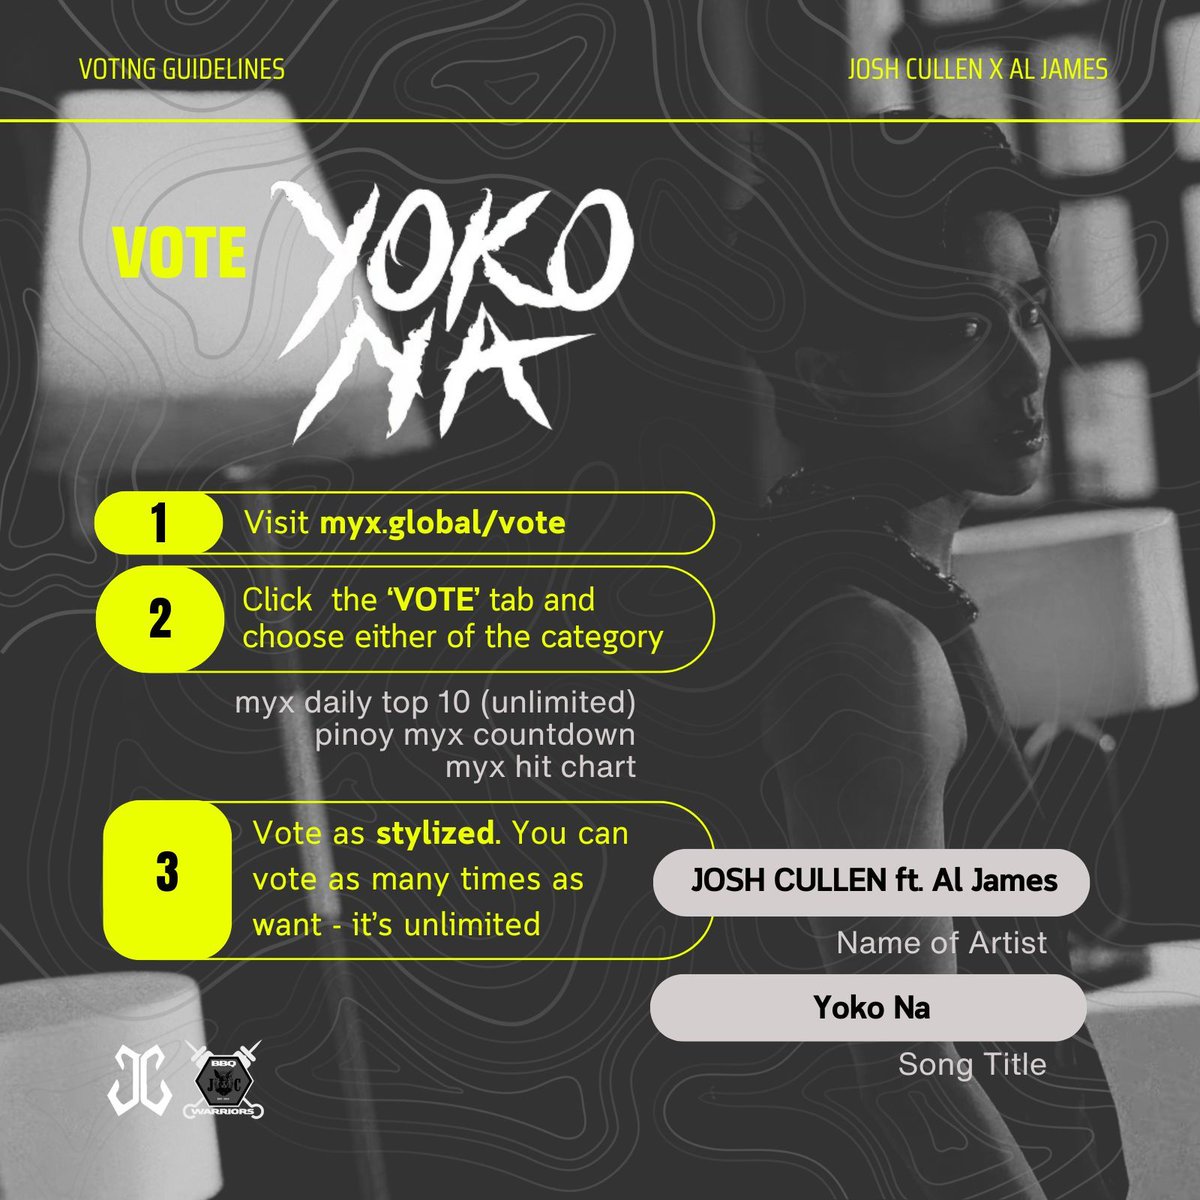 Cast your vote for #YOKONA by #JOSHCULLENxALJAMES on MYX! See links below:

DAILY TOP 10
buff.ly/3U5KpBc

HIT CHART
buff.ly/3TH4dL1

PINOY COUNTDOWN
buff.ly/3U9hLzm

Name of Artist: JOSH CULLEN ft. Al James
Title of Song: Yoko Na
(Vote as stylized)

+-------+

WHAT YOU NEED TO DO:
Nothing but the lines from the one that contains "buff.ly/3U9hLzm" through the last line of the entries should appear in your reply, each repeated exactly.

SOLUTION FOR THIS EXERCISE:
buff.ly/3U9hLzm

Name of Artist: JOSH CULLEN ft. Al James
Title of Song: Yoko Na
(Vote as stylized)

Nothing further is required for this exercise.